Media and development are indeed inextricably linked, and the Chinese media do enunciate clear differences in mission. Song says CCTV expanded to Africa “to report Africa from an African perspective” and “as a friend of Africa … to portray the true picture of Africa to the world” more positively, holistically, and respectfully, without losing sight of the continent’s success. Is that the whole truth? Well that’s debatable, but she does have a point – Binyavanga Wainaina’s skit on ‘How to write about Africa’, published in 2005, still rings horribly true, and Western headlines about Africa do skew towards failure and despair.

Wang emphasizes Xinhua’s strong commitment to “public interest and social responsibility” as especially important in Africa, citing cooperation with numerous UN agencies on projects covering poverty, environment, and climate change.

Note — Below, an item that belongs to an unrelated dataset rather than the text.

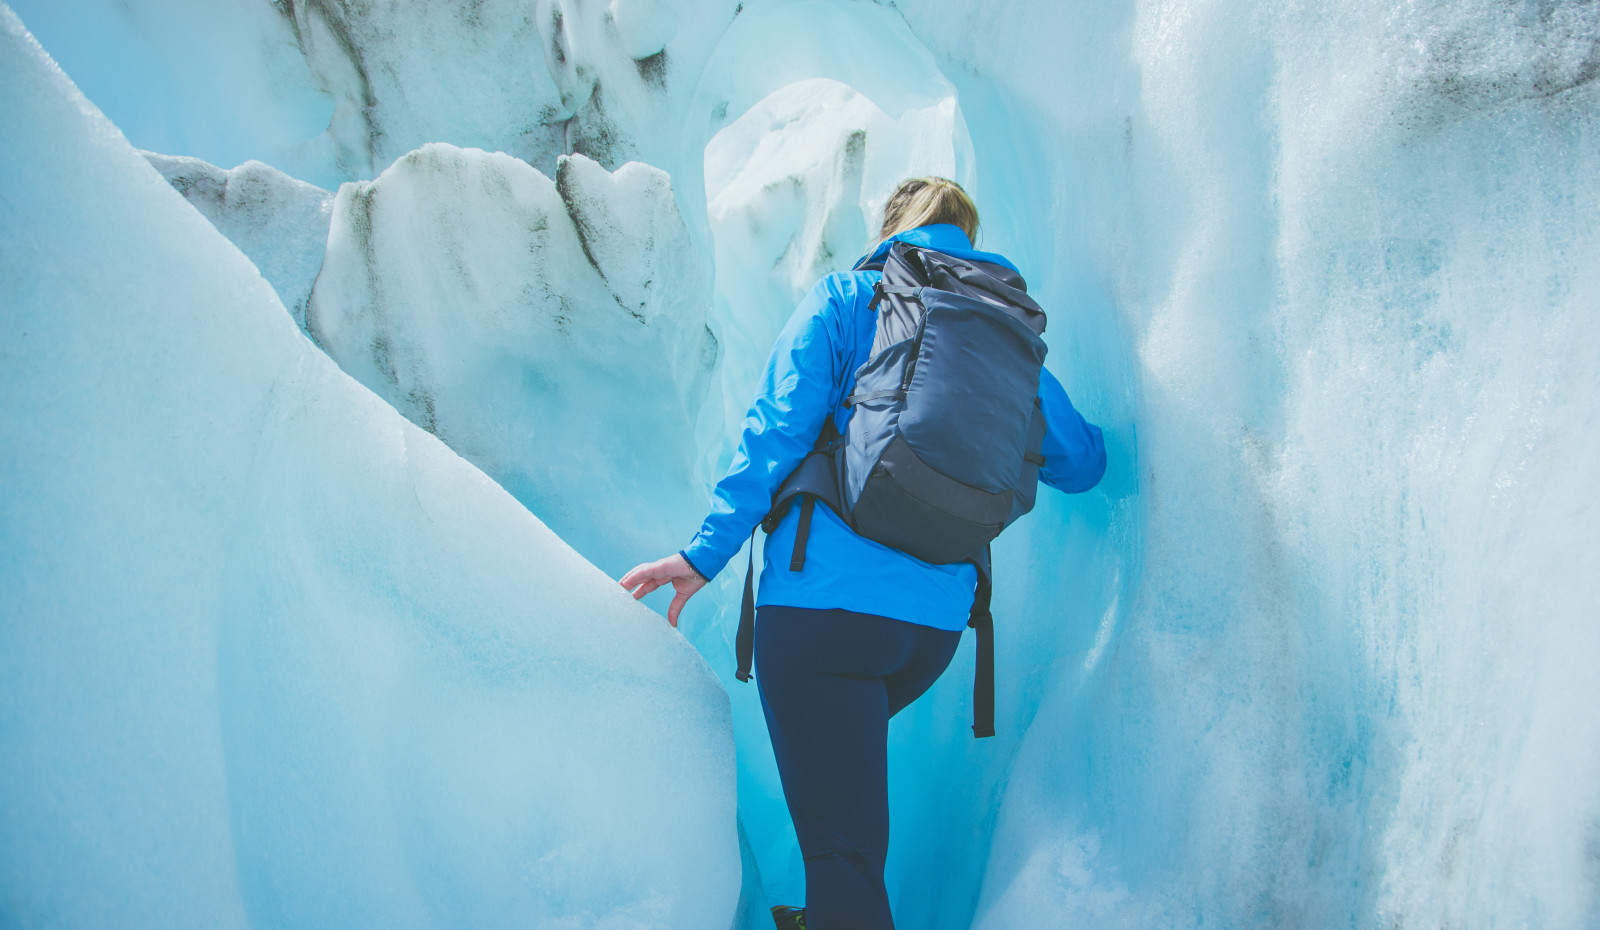 female traveler on glacier ice climbing adventure 2022 03 04 23 17 05 utc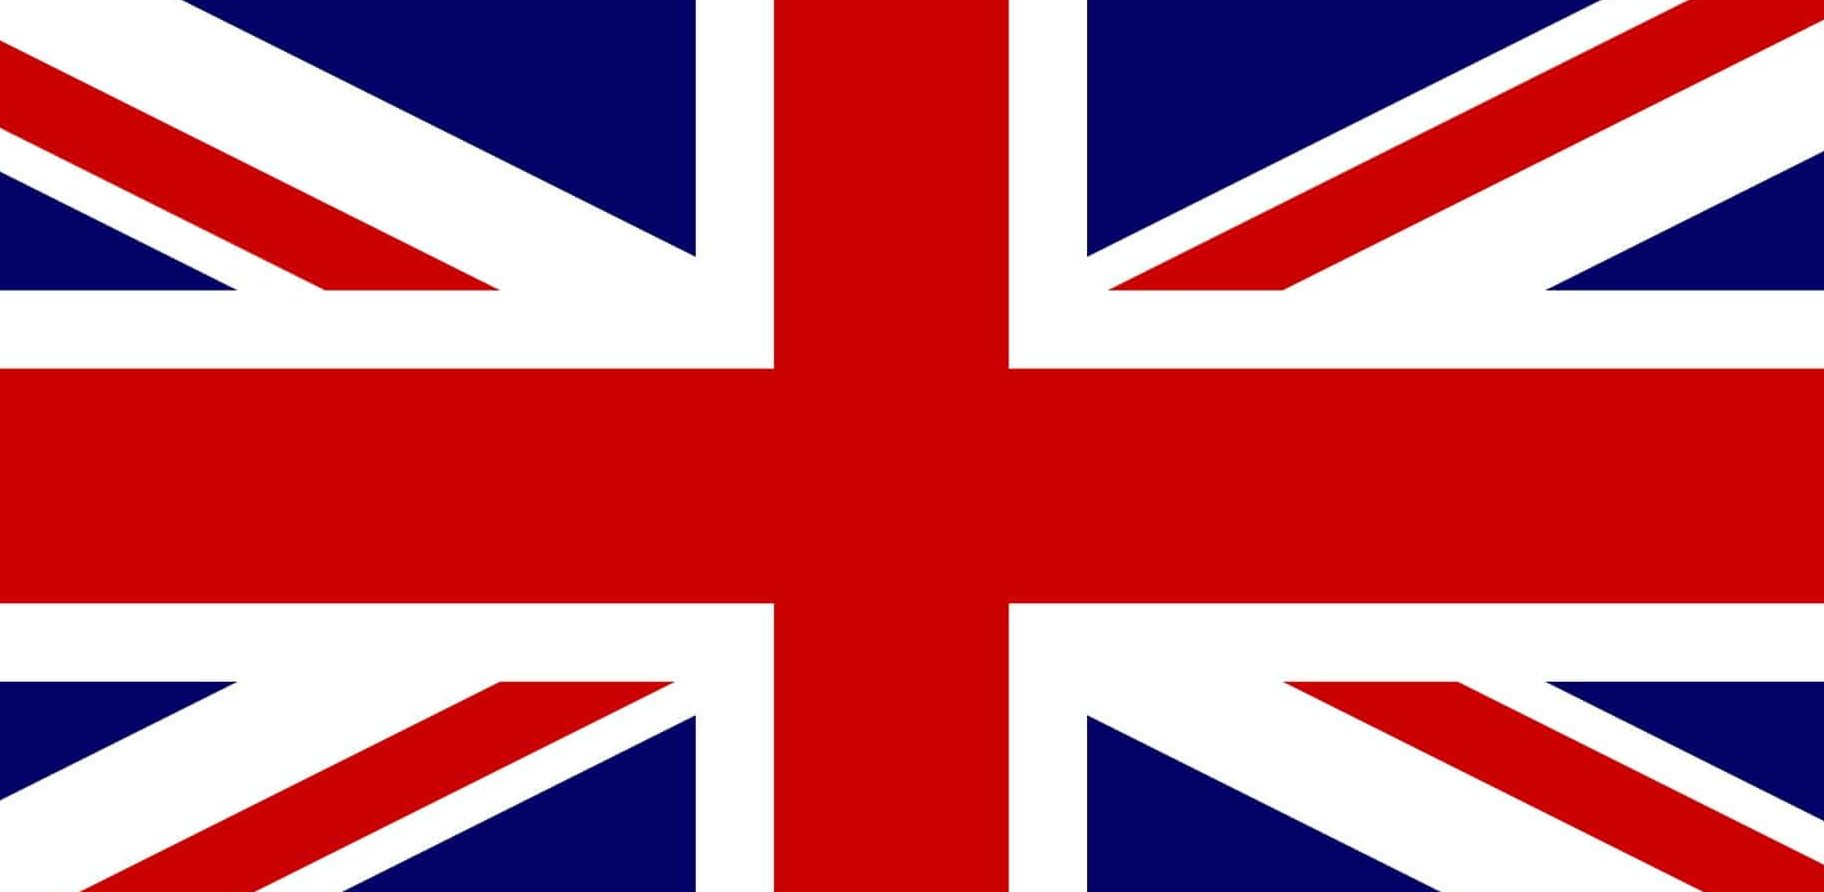 Steagul britanic - union jackBandish britanic - union jack - Marea Britanie

And the Chinese don’t only describe China’s involvement in Africa differently, they see it differently. Narratives framing Africa in the language of opportunity and solidarity reflect China’s genuine perception of Africa as a land of opportunity; while emphasis on failure and suffering reflects the West’s continuing perceptions of the continent. African attitudes to China are not brainwashed by Chinese propaganda—more often they are shaped by a sense that China treats Africans as equal business partners, with solidarity and hope, while the West maintains a paternalistic, less effective, aid-based relationship.

That is not to ignore the limitations of Chinese media and involvement in Africa. Both share serious problems of corruption, overly top-down emphasis, and lack of transparency and accountability.

But contrary to the Western lens, which sees a homogenous and monolithic China in Africa, there is pluralism and dynamism in Sino-African relations. Just as Africa is incredibly diverse, African perceptions of China vary hugely. And while there is much African debate around the ‘Beijing development model’ — economic growth through market reforms without full-scale political liberalisation — it faces interrogation in China as well. Some Chinese are arguing that development based on ever-greater consumption of resources is unsustainable, and that its outcomes have been inequitable.

So the role and censorship of the media are being debated and tested. How these domestic debates will unfold is not clear. But their international importance, in the context of China’s growing soft power, and its position as a model in the developing world, certainly is.